Okay, but based on relationship proximity.
Different pronouns depending on whether you’re talking about a parent, a sibling, partner, a lover, a friend, an aquaintance, a coworker… imagine the drama potential.
People switching up to friend or lover pronouns too early in a relationship and getting rejected.
Stranger pronouns being literally only okay if you’re using them to describe somebody you just met and will never see again, because any closer degree of relationship than that will have its own pronouns, and not using them is a calculated insult.
Specific pronouns to refer to mortal enemies that pretty much nobody ever uses outside of works of fiction, because using them to describe somebody is like openly admitting that you’re probably planning to kill that person.
This concept possibly getting watered down though as time goes on. Like how swear words like ‘damn’ and ‘hell’ have kind of lost their power over the years, young people start using mortal enemy pronouns to refer to like, people who are mildly annoying, or public figures they don’t like (both of which previously had their own pronouns).
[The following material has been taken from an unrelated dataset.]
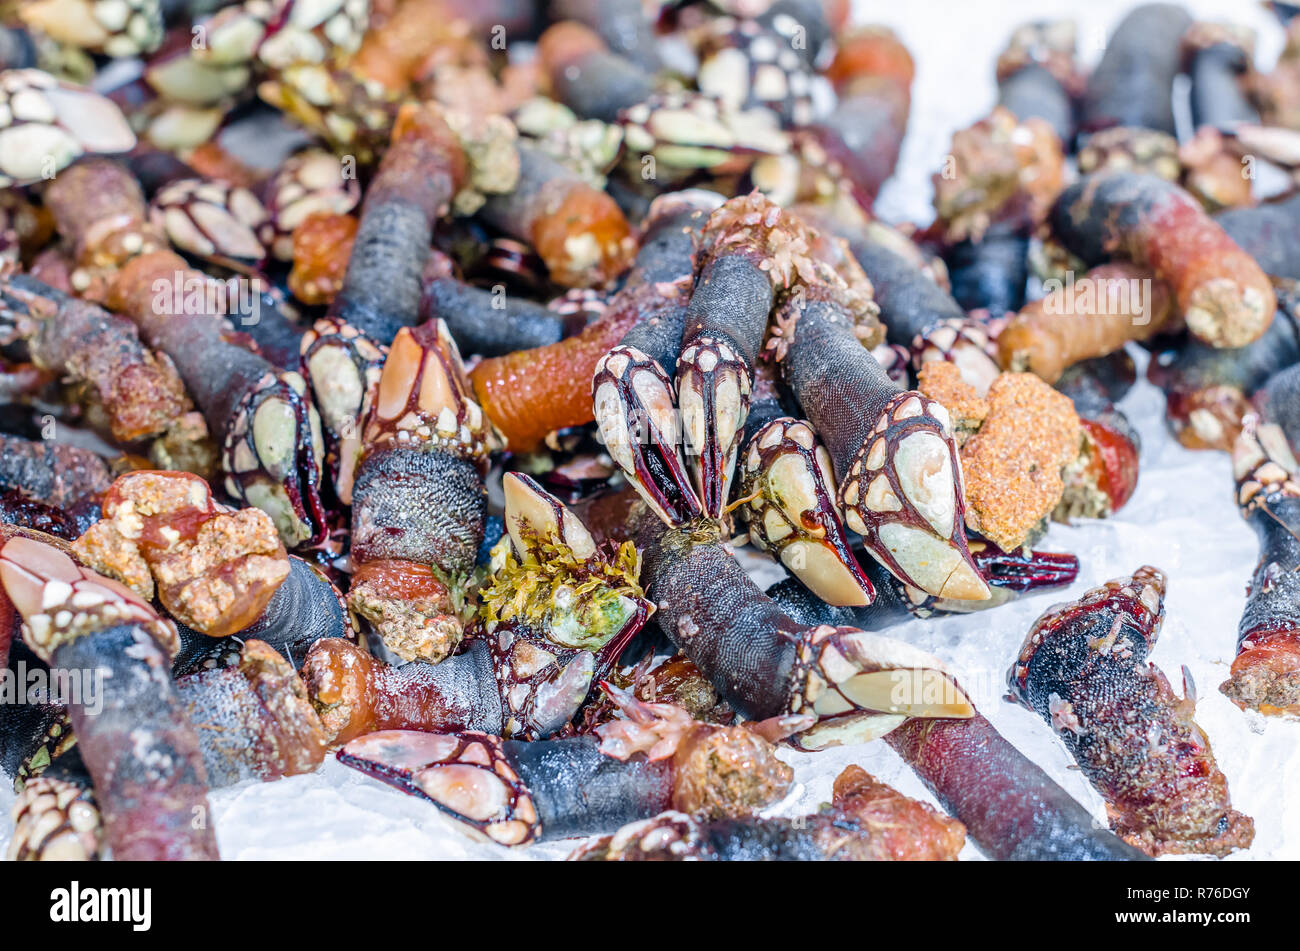 Goose barnacles in a fish market Stock Photo

Older generations getting really offended by this.
Separate pronouns for fictional characters.
A classic sitcom trope is somebody assuming they’re being referred to with certain pronouns that suggest dramatic changes in their relationship with the person talking about them, only for them to find out at the end of the episode that the person was actually referring to somebody else.
Everybody knowing the moment shit has gone down because “I just saw Skrith and Jarn in the cafeteria this morning. I know you said friend seemed okay last night, but you won’t believe which pronouns friend used to refer to enemy-of-friend!”
Actually, pronouns denoting other people’s relationships to people in relation to you. You might not know X that well, but they’re your friend Y’s close friend, so you can either use aquaintance or friend-of-friend pronouns.
Sibling, parent, child, cousin, etc. pronouns originally only being used for blood family or adopted children, but gradually getting used to refer to any relationship that fills that role in your life. “Oh no, child isn’t actually a relative, but I looked after child while child’s parents were on research trips, and friends were okay with child using parent pronouns for me if child wanted to.”
Human translation devices really not being able to keep up with this, because how the fuck is the software supposed to know how close you are to this person? Humans who actually try and learn the language not faring much better, because not only are there a lot of pronouns to learn, but the nuances of when exactly you’re meant to change are very culturally specific.
Aliens meanwhile being kind of horrified that most humans will use the same two or three pronouns to refer to everyone they encounter. Do they all hate each other? Or, conversely, are they all super close? What is wrong with these people?
They end up just straight up creating a new pronoun meaning ‘member of X species’ for all other species to use to refer to them, because the alternative is having fistfights break out on ships because the humans don’t understand why it’s so fucking offensive to refer to a coworker with aquaintance pronouns.